Lots of these videos that circulate the web are also up on youtube. So what I did was went there and searched for it. Once I found it, I click the "Embed" button below it, and then copy and paste that code into the post. Lets see if this works....


----------



## El Gato Loco (Jan 15, 2010)

Quick screenshot showing youtube.com and the embed code. Click to enlarge.


----------



## ebbs (Feb 7, 2010)

Should I feel bad for laughing at this? Why didn't the guide have his gun on him?


----------



## On a call (Mar 3, 2010)

Great video !!!!

Ebbs, that guide did have a gun with him. First part of the filming shows him walking with one.

That cat certainly had a good bite on him though. .... Now question is...buck shot or slugs which would you rather have had!

Me, buck shot hands down 3.5" 00 buck


----------



## hassell (Feb 9, 2010)

Thanks Chris, think I've been on you tube twice, but will remember for next time, that was some fine shooting the first part, the question is did they shoot a cat the first time and the one that attacked was laying in wait, if so the trackers should have seen the extra set or the outfitter should have been better prepared, either way won't recommend them to anyone unless its someone you don't like!!!!!!


----------



## ReidRH (Feb 1, 2010)

Wonder if my Ex would like an African Safari, LOL!!


----------



## ebbs (Feb 7, 2010)

It was crazy that's for sure.
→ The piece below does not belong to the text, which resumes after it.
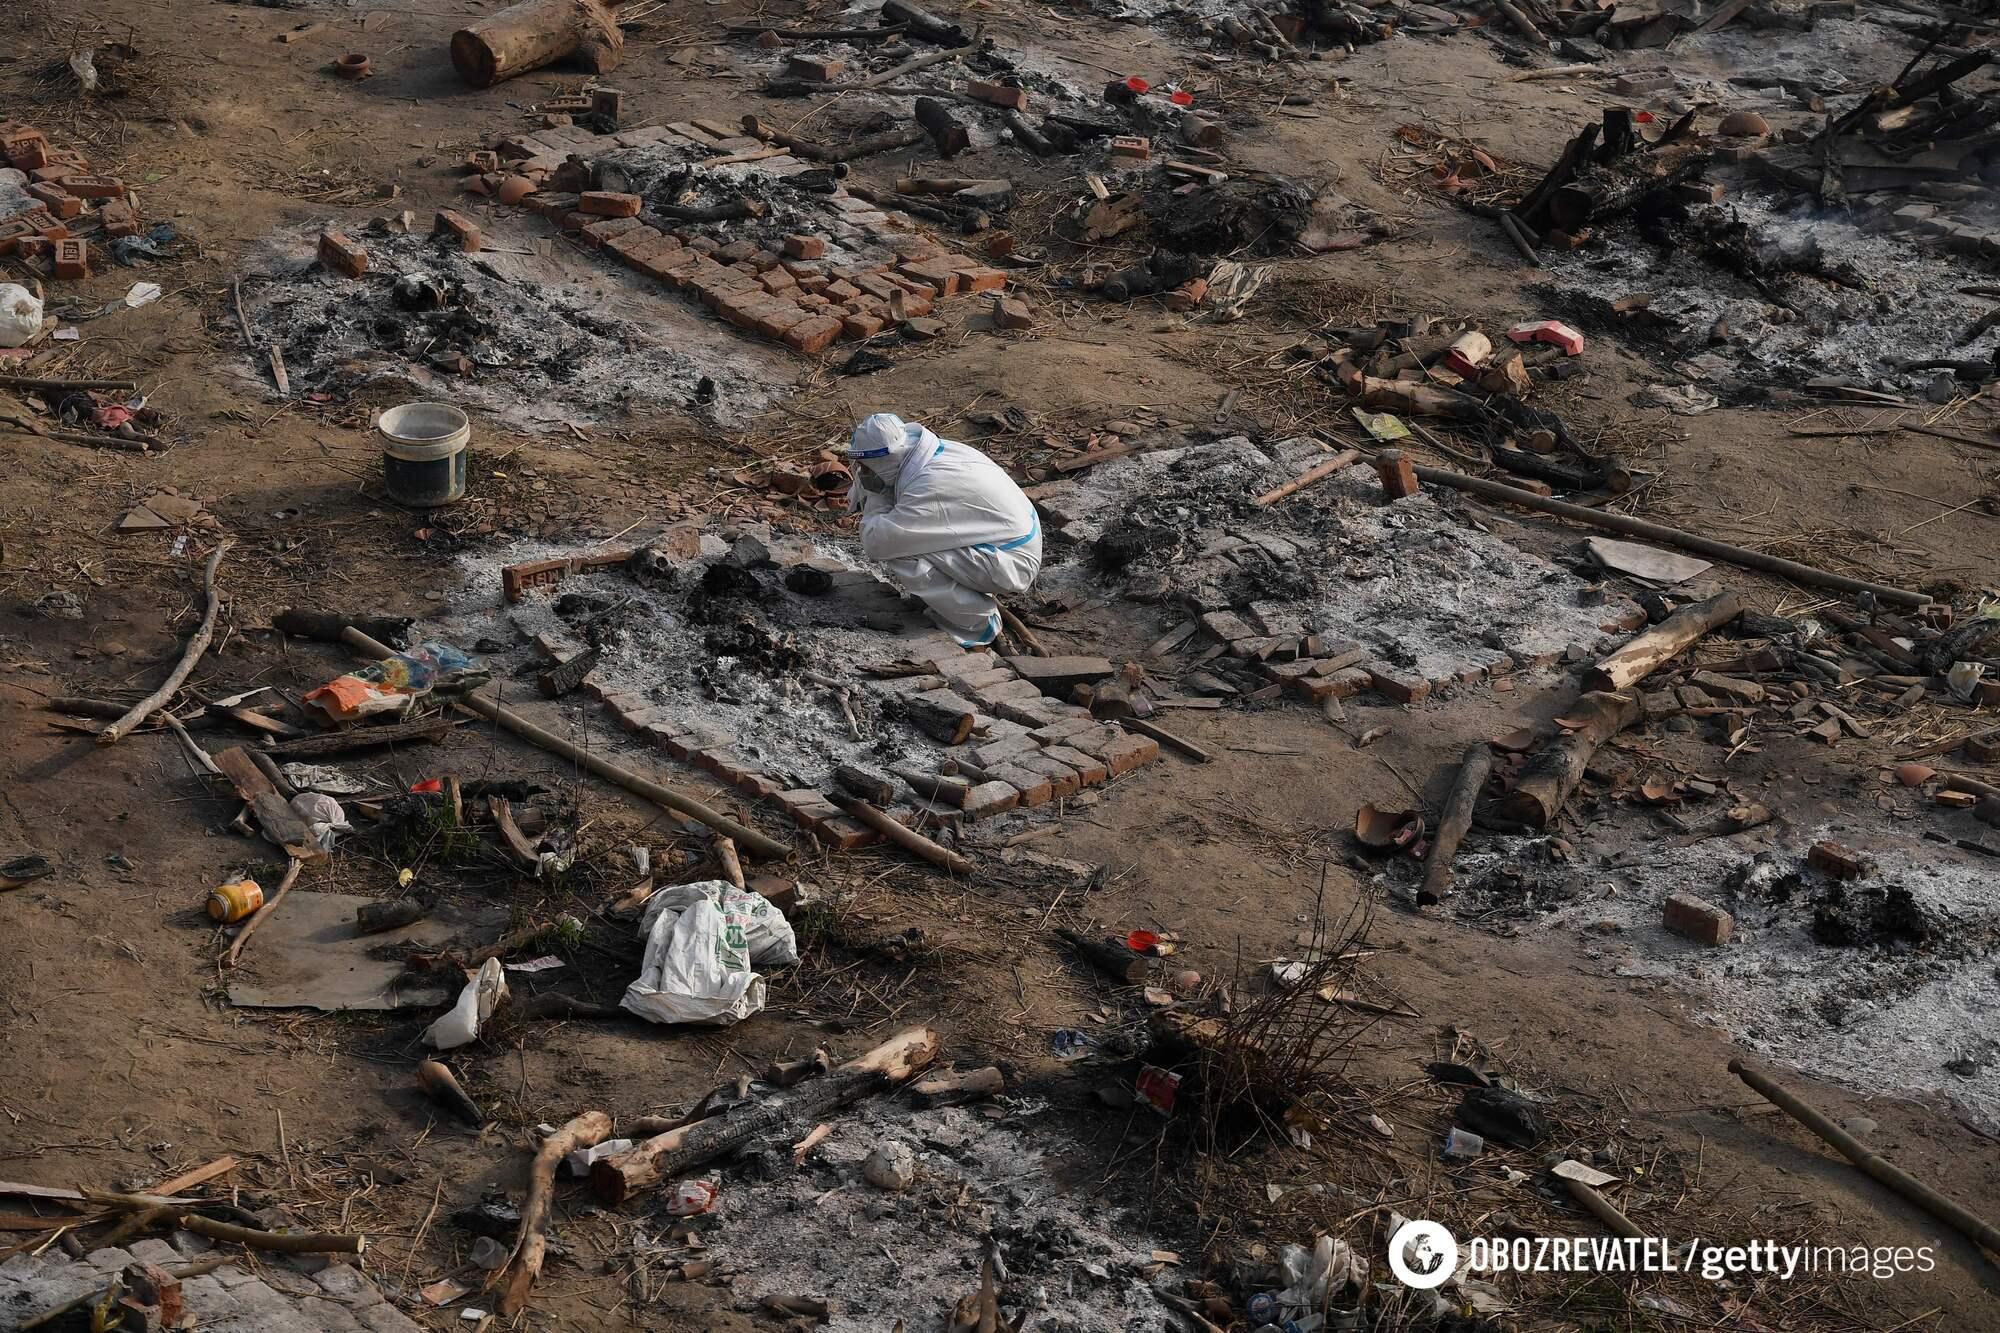 Похоронні вогнища в Індії, на яких спалюють тіла людей, що померли від коронавірусу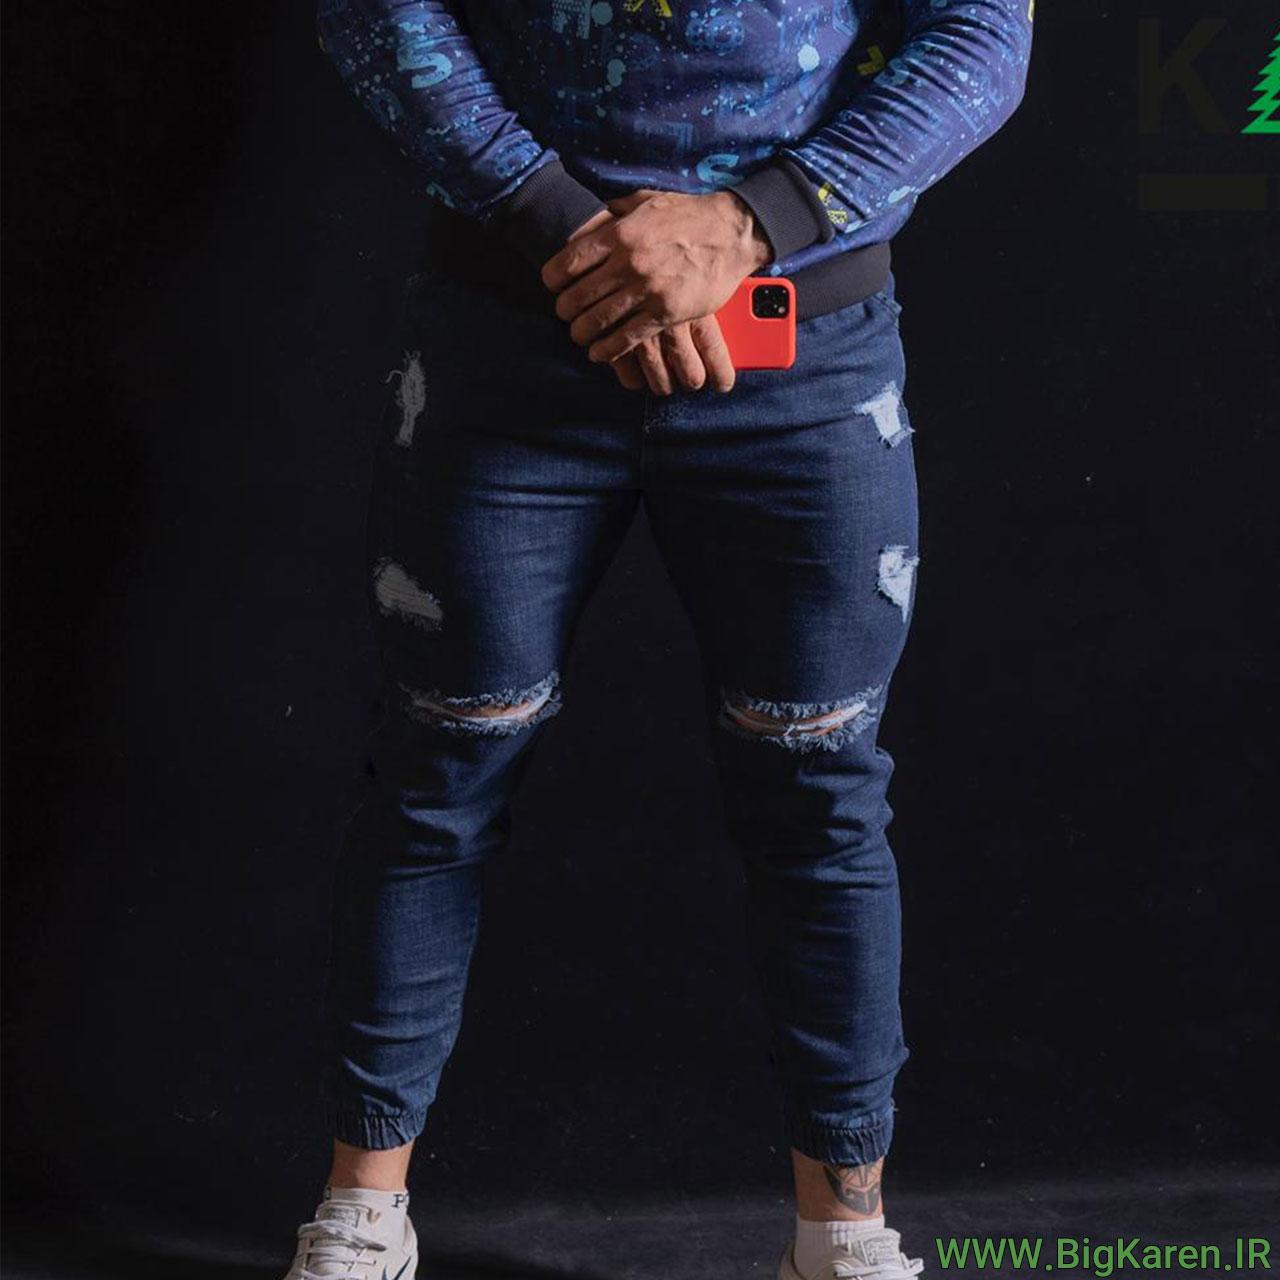 شلوار سایز بزرگ جین زاپ دار دمپا کش خرید اینترنتی از سایت بیگ کارن

Can't imagine what my reaction would be in a moment like that.


----------



## youngdon (Mar 10, 2010)

ReidRH said:


> Wonder if my Ex would like an African Safari, LOL!!


Reid, any chance she'd like a partner ? I have just the ex for that.


----------



## youngdon (Mar 10, 2010)

ebbs said:


> It was crazy that's for sure. Can't imagine what my reaction would be in a moment like that.


OH CRAP... OH CRAP!! EWWW crap. lol


----------



## ReidRH (Feb 1, 2010)

Roflmbo maybe we should see if we could hook'em up YD


----------